*TASK REQUIREMENTS*:
Reproduce exactly the line that contains "OLA-App-Logo auf Papierbroschüre" and all lines that follow it in the records below, ending with the last one.
[Start of Attachment]
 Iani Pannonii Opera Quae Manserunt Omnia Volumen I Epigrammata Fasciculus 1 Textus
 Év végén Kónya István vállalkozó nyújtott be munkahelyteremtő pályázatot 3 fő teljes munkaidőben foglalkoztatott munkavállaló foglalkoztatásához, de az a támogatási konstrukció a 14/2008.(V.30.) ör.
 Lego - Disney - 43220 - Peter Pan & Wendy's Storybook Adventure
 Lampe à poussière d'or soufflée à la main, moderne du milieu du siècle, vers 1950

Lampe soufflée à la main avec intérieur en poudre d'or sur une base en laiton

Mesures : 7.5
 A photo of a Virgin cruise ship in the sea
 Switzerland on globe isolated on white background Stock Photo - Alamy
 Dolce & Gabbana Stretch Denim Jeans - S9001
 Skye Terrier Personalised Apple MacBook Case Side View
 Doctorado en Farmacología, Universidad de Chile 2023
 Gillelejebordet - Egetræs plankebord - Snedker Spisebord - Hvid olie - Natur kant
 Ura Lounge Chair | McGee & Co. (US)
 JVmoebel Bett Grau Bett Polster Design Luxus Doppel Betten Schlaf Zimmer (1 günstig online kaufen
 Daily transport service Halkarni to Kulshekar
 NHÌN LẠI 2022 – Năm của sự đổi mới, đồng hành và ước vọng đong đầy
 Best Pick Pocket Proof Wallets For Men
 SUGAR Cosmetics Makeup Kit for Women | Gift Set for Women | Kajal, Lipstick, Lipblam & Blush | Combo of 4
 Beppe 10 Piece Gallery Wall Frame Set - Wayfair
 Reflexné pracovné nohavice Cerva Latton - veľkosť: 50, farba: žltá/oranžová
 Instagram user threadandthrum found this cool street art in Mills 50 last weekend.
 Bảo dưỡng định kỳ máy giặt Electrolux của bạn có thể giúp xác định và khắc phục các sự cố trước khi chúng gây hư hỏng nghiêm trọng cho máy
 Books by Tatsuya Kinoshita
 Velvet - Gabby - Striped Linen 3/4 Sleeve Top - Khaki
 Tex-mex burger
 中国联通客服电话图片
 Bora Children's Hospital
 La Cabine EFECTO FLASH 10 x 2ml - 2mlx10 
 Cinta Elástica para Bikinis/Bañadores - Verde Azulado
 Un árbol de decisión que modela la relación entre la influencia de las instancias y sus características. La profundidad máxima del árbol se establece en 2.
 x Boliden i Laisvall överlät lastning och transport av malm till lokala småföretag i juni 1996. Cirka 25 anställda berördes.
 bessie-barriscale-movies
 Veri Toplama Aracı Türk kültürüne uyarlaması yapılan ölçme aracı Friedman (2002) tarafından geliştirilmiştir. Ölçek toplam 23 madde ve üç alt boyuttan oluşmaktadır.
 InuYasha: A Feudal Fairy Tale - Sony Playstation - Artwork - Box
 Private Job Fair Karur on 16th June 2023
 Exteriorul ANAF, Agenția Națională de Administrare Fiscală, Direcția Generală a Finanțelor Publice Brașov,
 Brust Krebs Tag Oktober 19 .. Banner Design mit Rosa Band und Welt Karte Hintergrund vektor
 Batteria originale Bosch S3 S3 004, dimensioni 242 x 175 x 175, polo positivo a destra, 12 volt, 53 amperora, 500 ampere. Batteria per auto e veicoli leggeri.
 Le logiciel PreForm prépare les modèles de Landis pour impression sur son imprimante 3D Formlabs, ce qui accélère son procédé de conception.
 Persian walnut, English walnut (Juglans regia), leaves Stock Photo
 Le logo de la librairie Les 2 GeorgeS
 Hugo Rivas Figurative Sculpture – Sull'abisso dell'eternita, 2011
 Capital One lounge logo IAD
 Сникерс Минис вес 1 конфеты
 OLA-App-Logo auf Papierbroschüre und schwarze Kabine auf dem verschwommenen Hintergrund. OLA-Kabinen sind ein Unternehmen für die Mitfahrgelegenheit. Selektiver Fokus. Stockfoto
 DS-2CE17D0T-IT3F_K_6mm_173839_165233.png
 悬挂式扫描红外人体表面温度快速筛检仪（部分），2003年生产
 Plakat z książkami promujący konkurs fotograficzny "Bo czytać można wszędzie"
[End of Attachment]
*ANSWER BELOW*:
 OLA-App-Logo auf Papierbroschüre und schwarze Kabine auf dem verschwommenen Hintergrund. OLA-Kabinen sind ein Unternehmen für die Mitfahrgelegenheit. Selektiver Fokus. Stockfoto
 DS-2CE17D0T-IT3F_K_6mm_173839_165233.png
 悬挂式扫描红外人体表面温度快速筛检仪（部分），2003年生产
 Plakat z książkami promujący konkurs fotograficzny "Bo czytać można wszędzie"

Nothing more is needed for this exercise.